TOUCHDOWN: LETTERMAN'S APOLOGY ACCEPTED

Veritas Team Huddle compiled by Caroline Murphy.

There’s an old saying that goes, “If you have to explain the joke, then it’s not a very good one.” CBS Late Night’s David Letterman relearned that lesson the hard way this past week, when he/one of his writers Fumbled with a bad joke during his opening monologue. The slip featured one of the daughters of the infamous and outspoken Alaskan Governor, Sarah Palin. What would have been a joke in bad taste regardless, was taken to a whole new level when the quip intended for 18-year-old Bristol, herself a public figure, mistakenly referred to Palin’s 14-year-old daughter Willow.
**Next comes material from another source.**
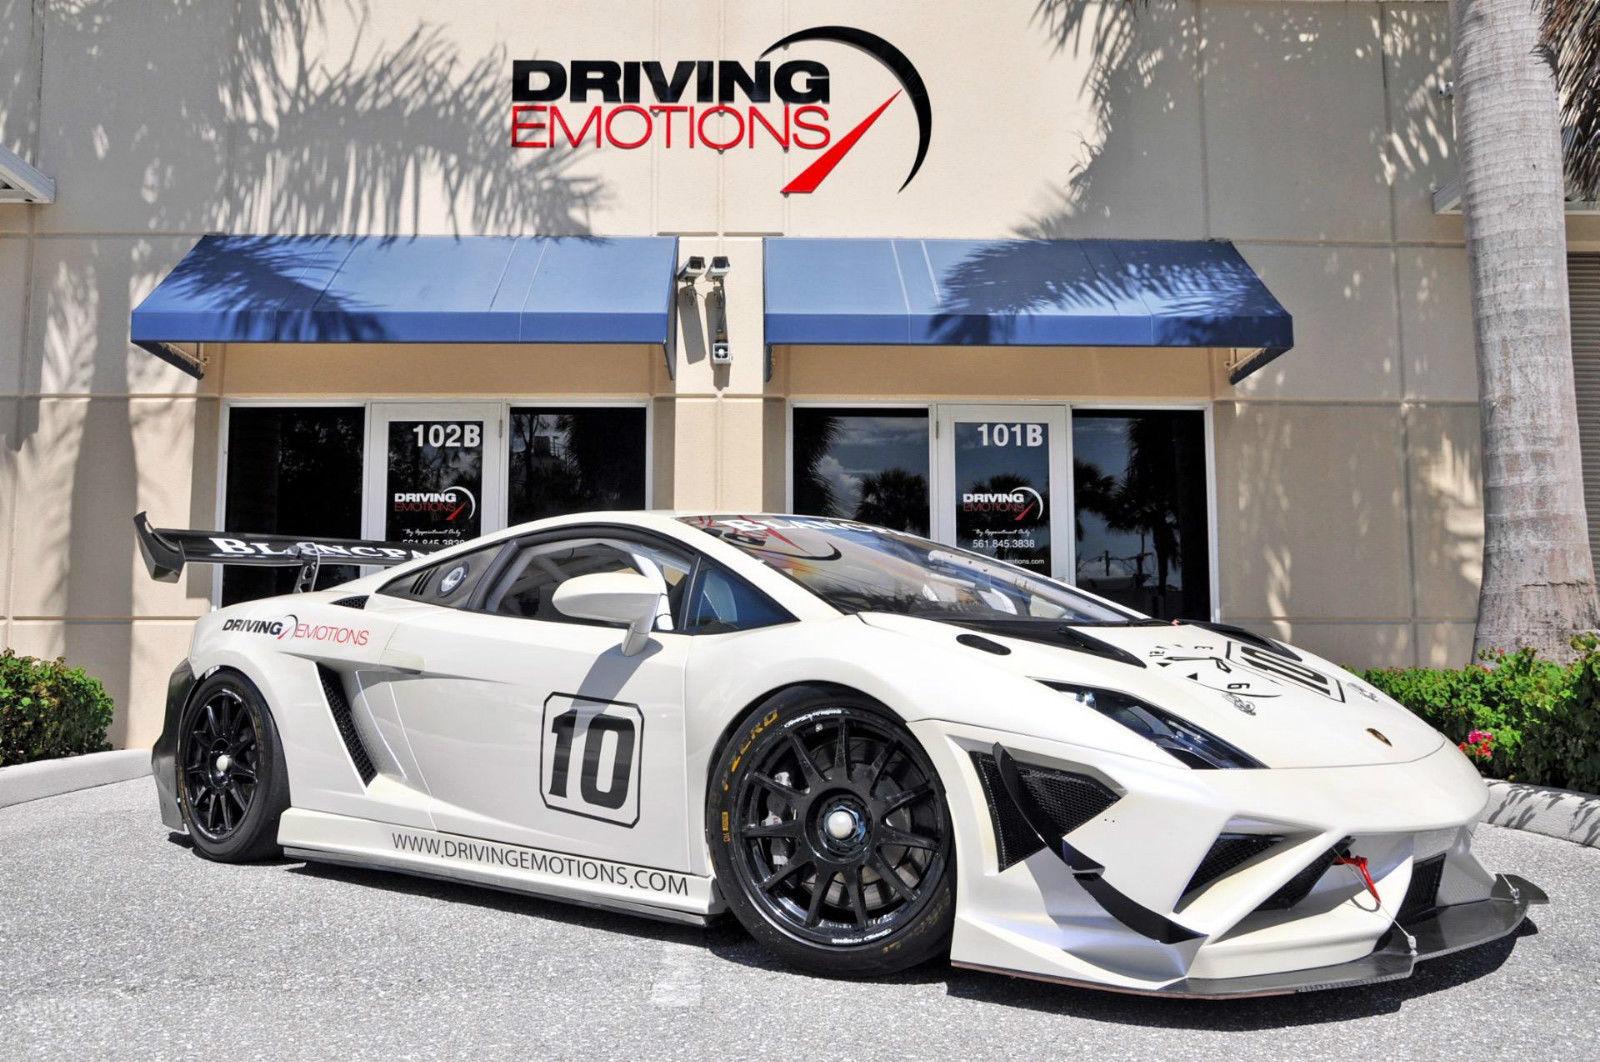 Amazing 2013 Lamborghini Gallardo Lp570 Super Trofeo Race

Controversy sparked last week the moment Dave – who claimed he was referring to Bristol – said the teen “was knocked up by Alex Rodriguez” during the seventh inning, when in fact it was Willow who attended the Yankees game he was referring to. Within hours of the Palin family formally lodging a public complaint, the media and online world was abuzz on the topic. Most berated Dave for his slip and some even went as far as to call for CBS to fire him. One advertiser followed through and cut ties with the network, while a group of about 50 protesters took up residence outside of the famous Ed Sullivan Theatre in New York. Despite Dave’s initial (and somewhat weak) explanation that he was referring to the “other” daughter, Palin fought back; accusing the funnyman of making “sexually perverted” comments. But after all was said and done and on Monday night Dave made a formal sincere apology, the Veritas team scored it as a Touchdown for Dave. He took full responsibility for his slip-up even though comedians are constantly in the business of making light of serious situations and are often unapologetic. The team felt he did the right thing when he acknowledged that his joke went too far and apologized for his comments, while at the same time stayed true to his brand by using self-deprecating humor to make a point. While telling a joke about Bernard Madoff, whom he refers to as “the most hated man in America,” he amended the list to two; “Me, Bernie Madoff,” he said. “He was waaay out in front until a couple of days ago.”